Thank you, John. In June, we announced a restructuring which included a 34% reduction in headcount by year end. Between the restructuring, improvements in gross margin from the move to large scale manufacturing and other cost cutting measures, we expect to achieve reductions of over $50 million in annual operating expenses in 2023. These reductions and burn coupled with the private placement financing announced this morning are projected to provide a cash runway through 2024 and to allow us to become cash flow positive in 2024. As of June 30, 2022, Heron had cash, cash equivalents and short-term investments of $83.5 million. Adjusting for net proceeds of $75.2 million from our August 2022 private placement, Heron had cash, cash equivalents and short-term investments of $158.7 million. Second quarter burn was $28.4 million.
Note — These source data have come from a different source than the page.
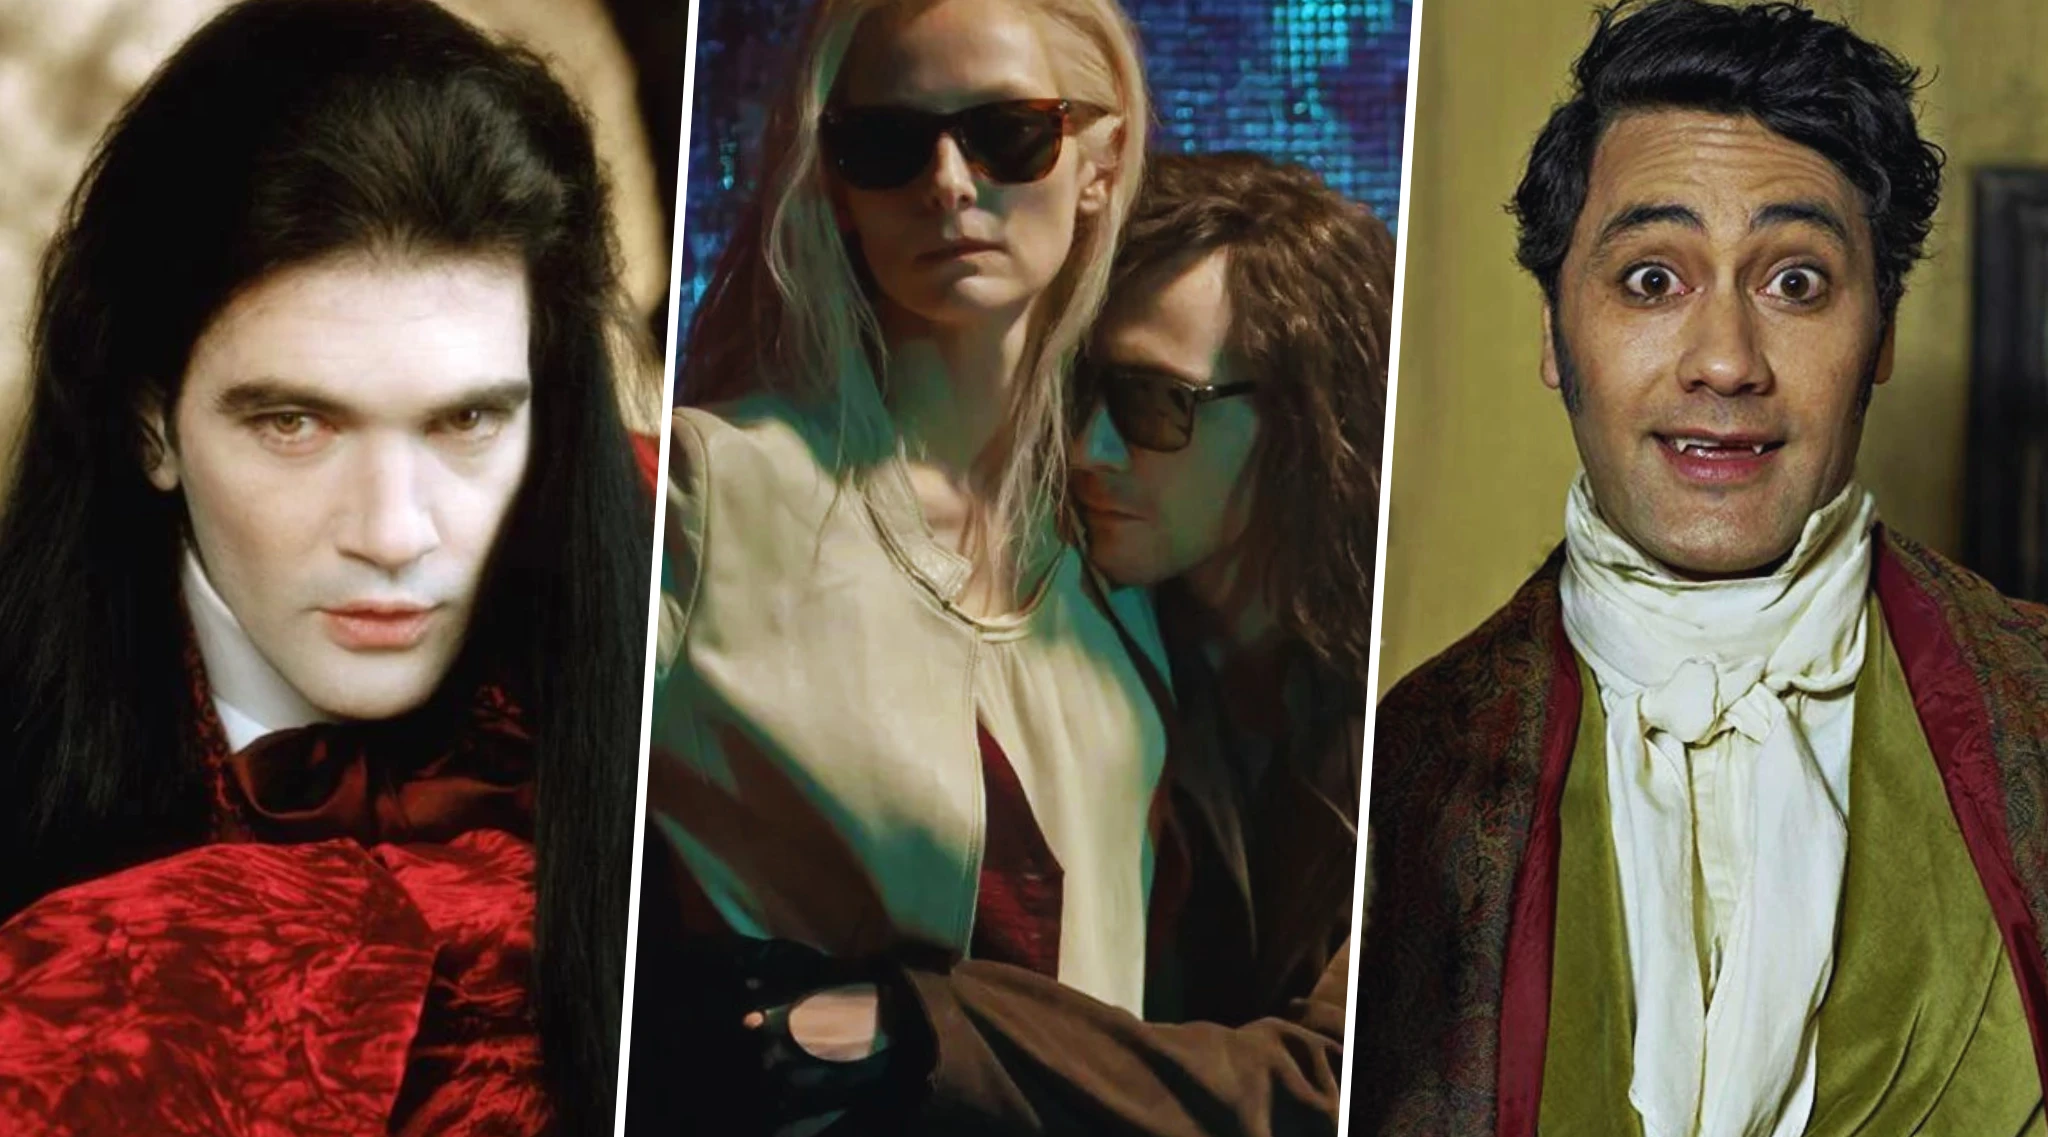 13 Vampire Movies to Sink Your Teeth Into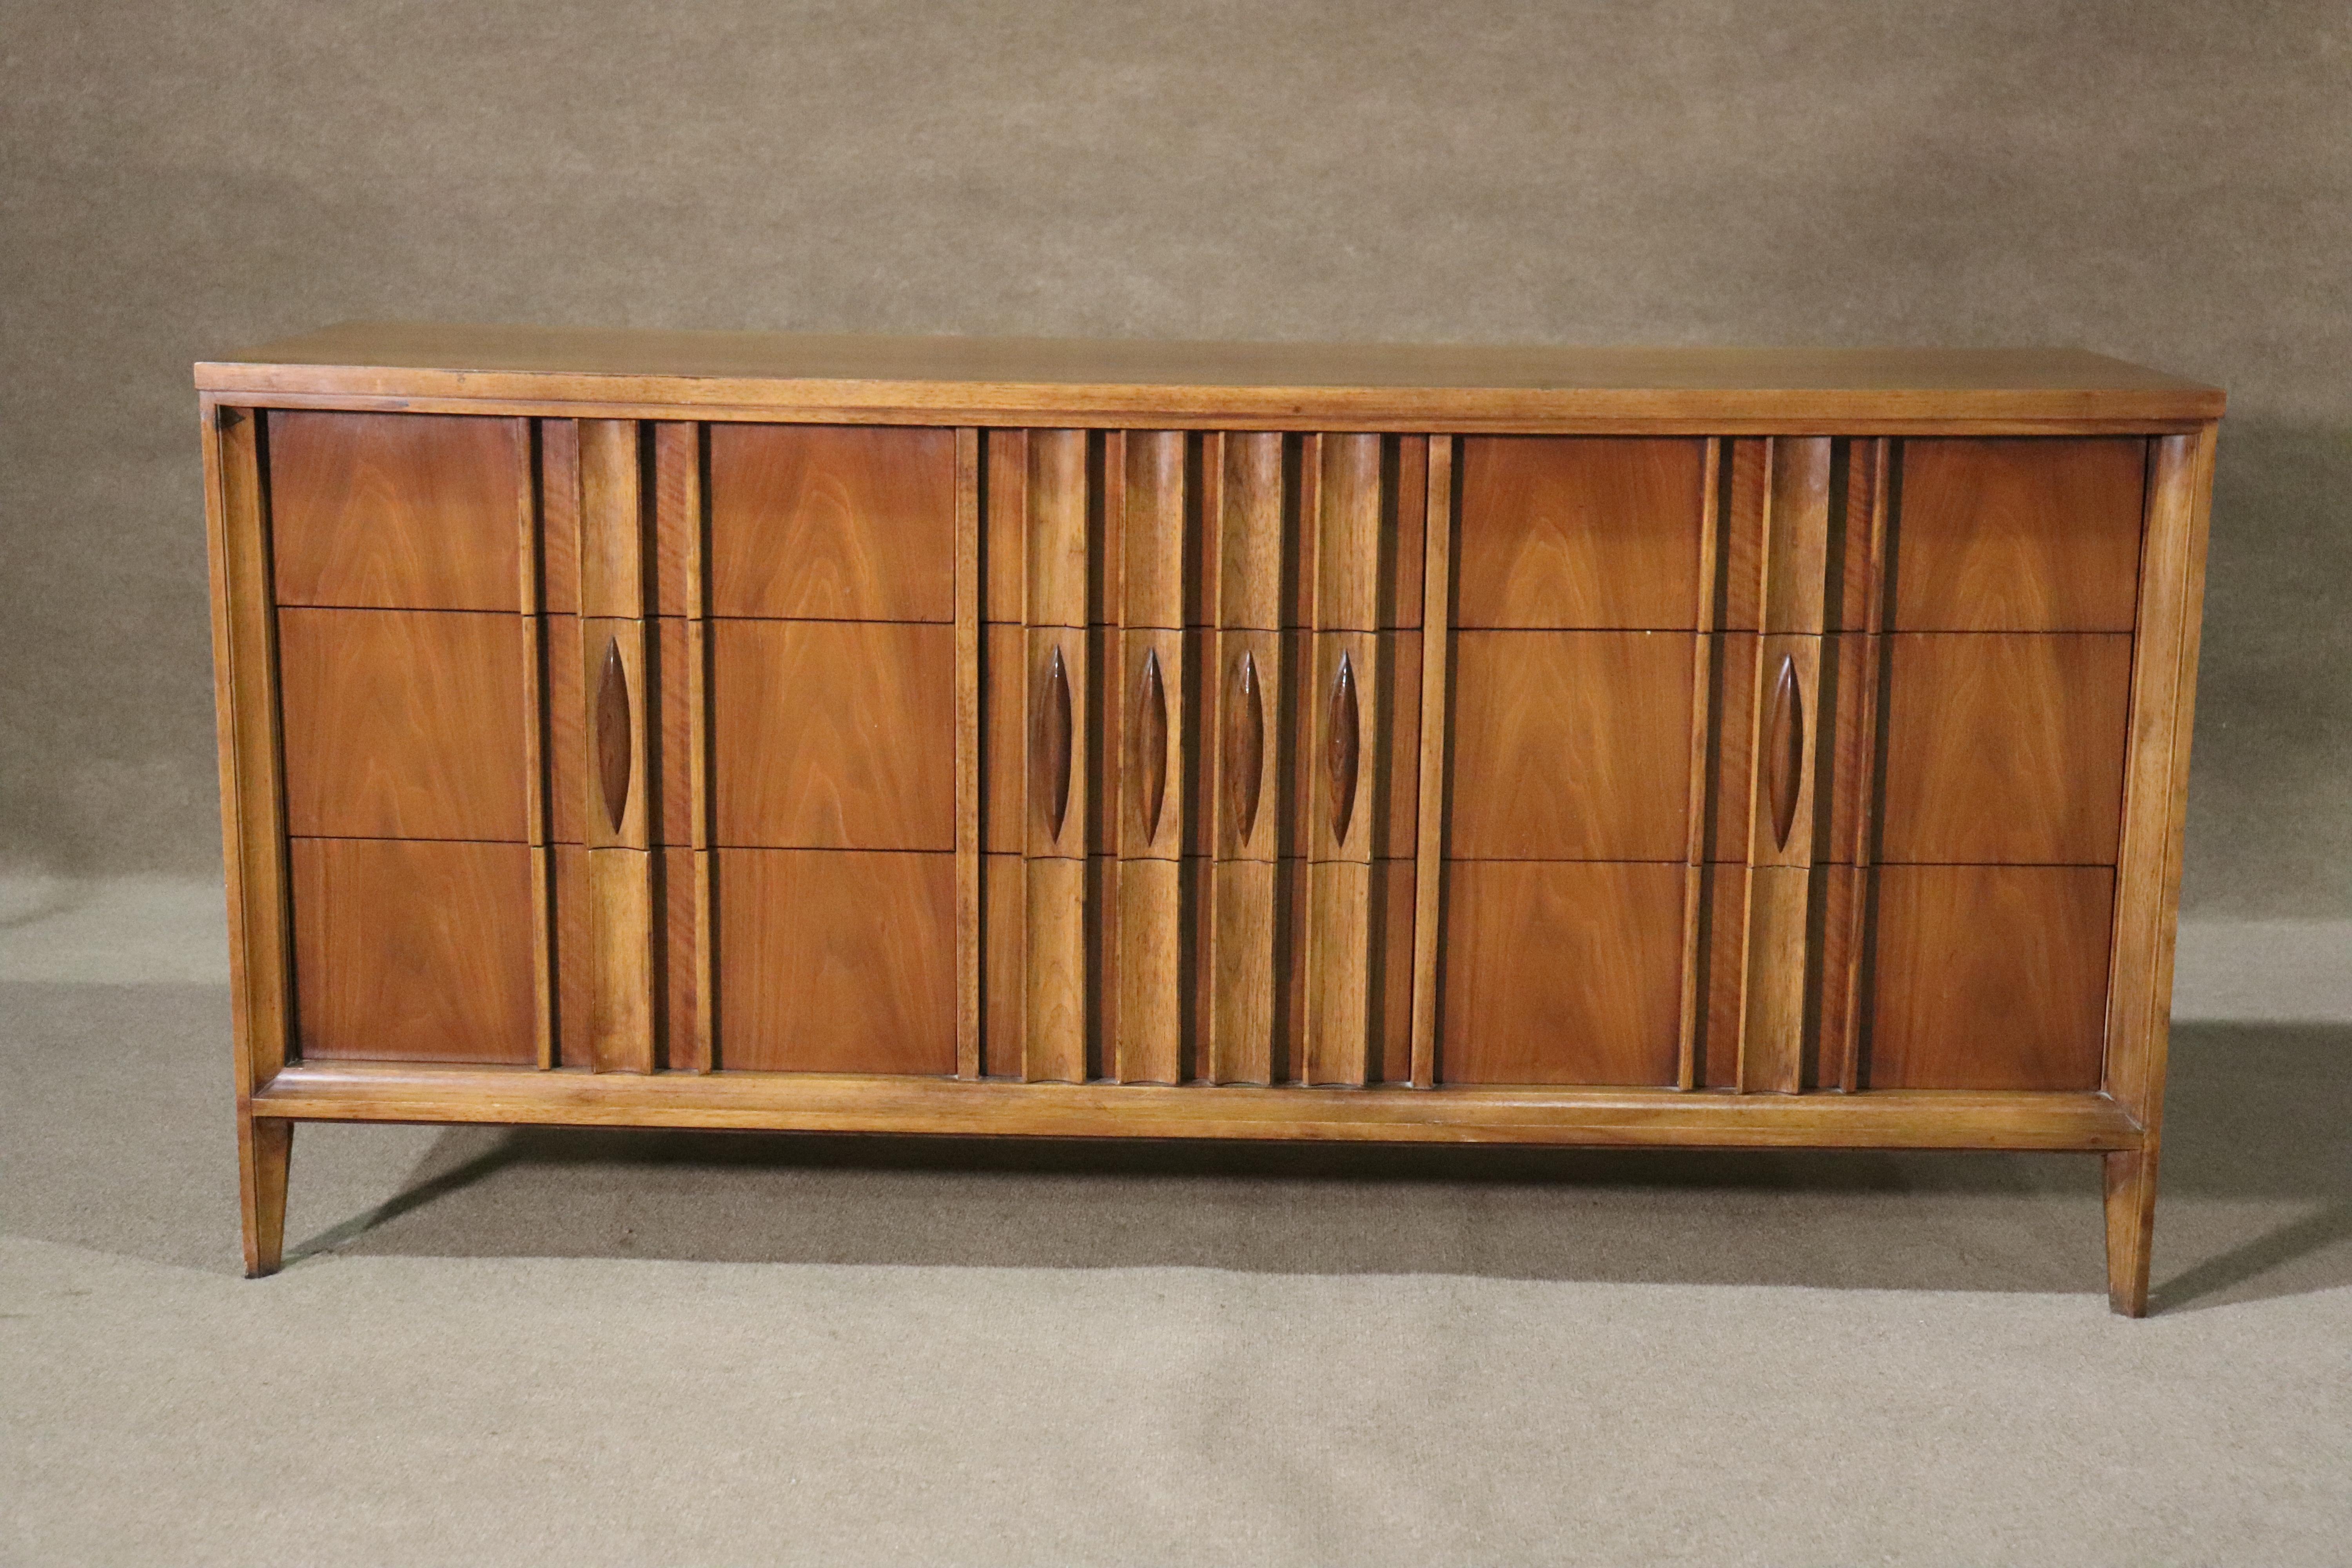 Long nine drawer dresser by Thomasville with sculpted front drawers. Walnut grain with accenting rosewood ellipses.
Please confirm location NY or NJ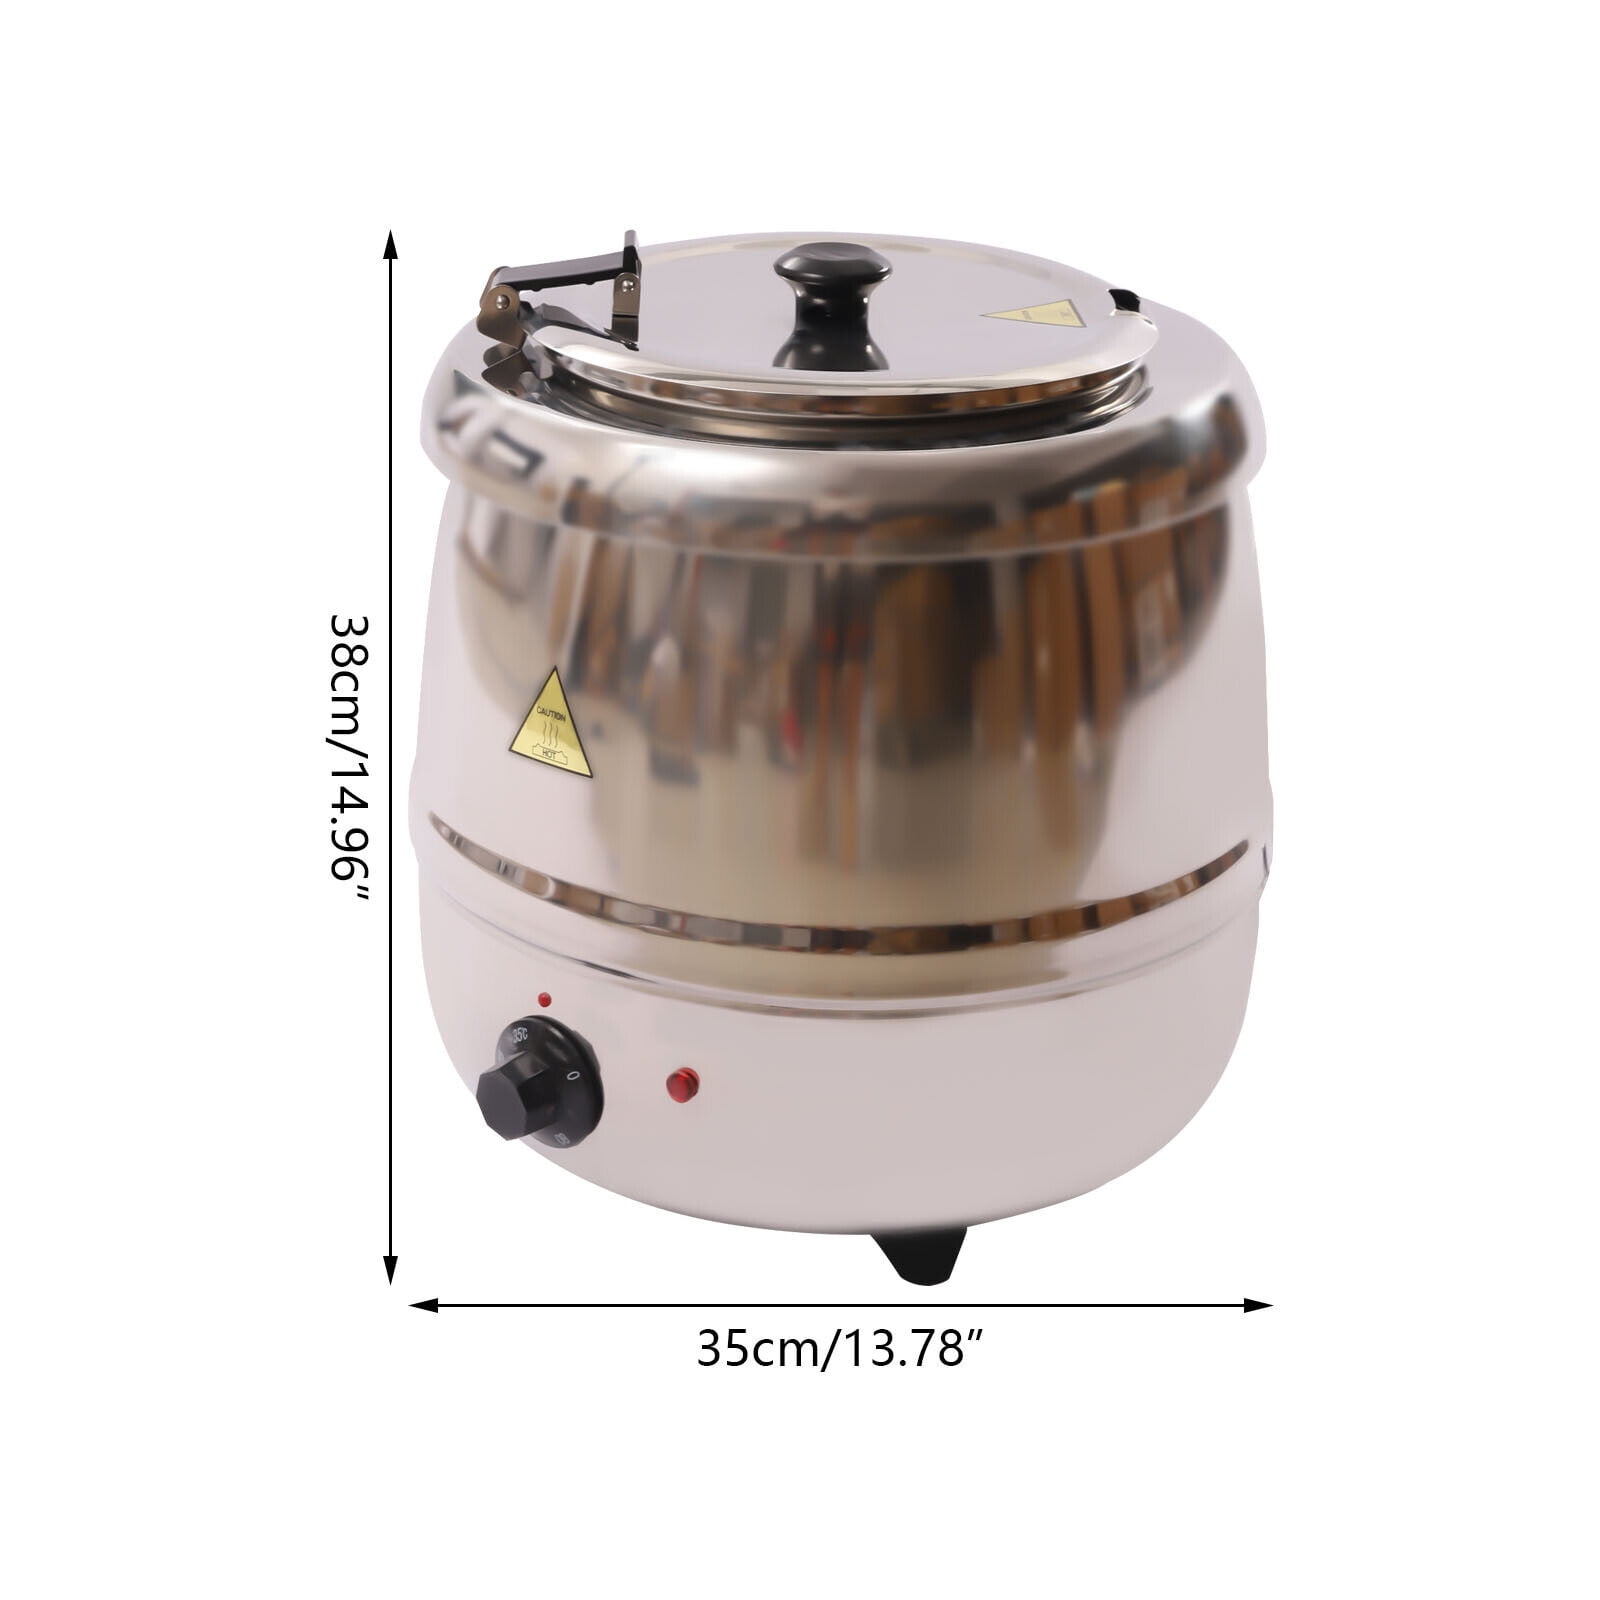 C105 Hot Sale Electric 10L Soup Kettle With Stainless Steel Lid - Buy C105  Hot Sale Electric 10L Soup Kettle With Stainless Steel Lid Product on

While burn will increase in the third quarter due to the restructuring. Fourth quarter burn minus one-time expenses is projected to be approximately $21 million with significant further reductions going into 2023. I’d like to take a minute to review a few of the key accomplishments and catalysts for the company. As we have discussed, in second quarter, ZYNRELEF demand units increased by 47% compared to first quarter. Our contract manufacture has successfully validated large scale manufacturing for ZYNRELEF. And we’ve completed enrollment in the clinical studies needed to submit sNDA2 to further expand the indications for ZYNRELEF. One area where we did not meet our goal was to complete a business development deal in the second quarter. Unfortunately, the timing of business development deals are difficult to predict, but we are still laser focused on getting one or more such deals done this year. For each major territory, we have at least one regional company and at least one multinational in active discussions. The Oncology Care Franchise, we saw good growth in sales, resulting in our raising full year 2022 guidance to $93 million to $95 million. As John mentioned, we are very excited by the recent change in CMS reimbursement for 340B hospitals, which we believe makes CINVANTI an extremely attractive opportunity for these hospitals to generate additional revenue. Slides 24 and 25 contain important safety information for ZYNRELEF. These slides will be available on our website. With that, we’re ready for questions. Operator?

[Operator Instructions] And your first question comes from the line of Brandon Folkes with Cantor Fitzgerald. Your line is open.

Hi, thanks for taking my questions and congratulations on all the progress. Maybe just two from me. Can you just talk about some of the moving pieces that will drive cash flow positivity by 2024 as we model that? And then secondly, when you look at the 15 IDN evaluating switching that $42 million of Exparel business, what is the hurdle they’re using to evaluate the product? Is it just surgeon and patient experience? And then should they decide to switch? How quickly does that revenue take to shift? Is it a gradual switch or is it something that sort of – as of a certain date they will switch all their business? Thank you.

Thanks, Brandon. I’ll have John answer the second question first, because it certainly leads into the answer to the first question.

Good morning, Brandon. Yes. So regarding your question on the 15 IDNs, generally, there is an evaluation period that will be set based on specific surgical procedures. So what we see frequently is they’ll start if in the lower extremity arthroplasty like TKA or total hip repair, replacement rather. In addition, they’ll look at generally something in a small to medium abdominal surgery, like, bariatric surgery. And what they’re really looking at is key parameters. So they’ll look at pain reduction over three days. They’ll look at the impact on opioid usage. And importantly, they’ll also look at time to discharge. Those are generally – there may be individual differences amongst each of the IDNs, but those are – what are most typically reviewed. Respect – with respect to time to change, each of these systems is a bit different and some move more rapidly than others. I think you can see from the report that we provided today on Slide number 13, we’re actually, there’s one IDN – IDM number one that didn’t have any market share in the third or fourth quarter of last year, but went up to 14% and 41% in the second quarter. So they can move pretty quickly once they start making that type of commitment. But it’s certainly a situation where we would never expect to get a 100% of the Exparel business. I think that would be fairly rare, but we do believe that we can get a very significant portion of it. So hopefully that answers your question.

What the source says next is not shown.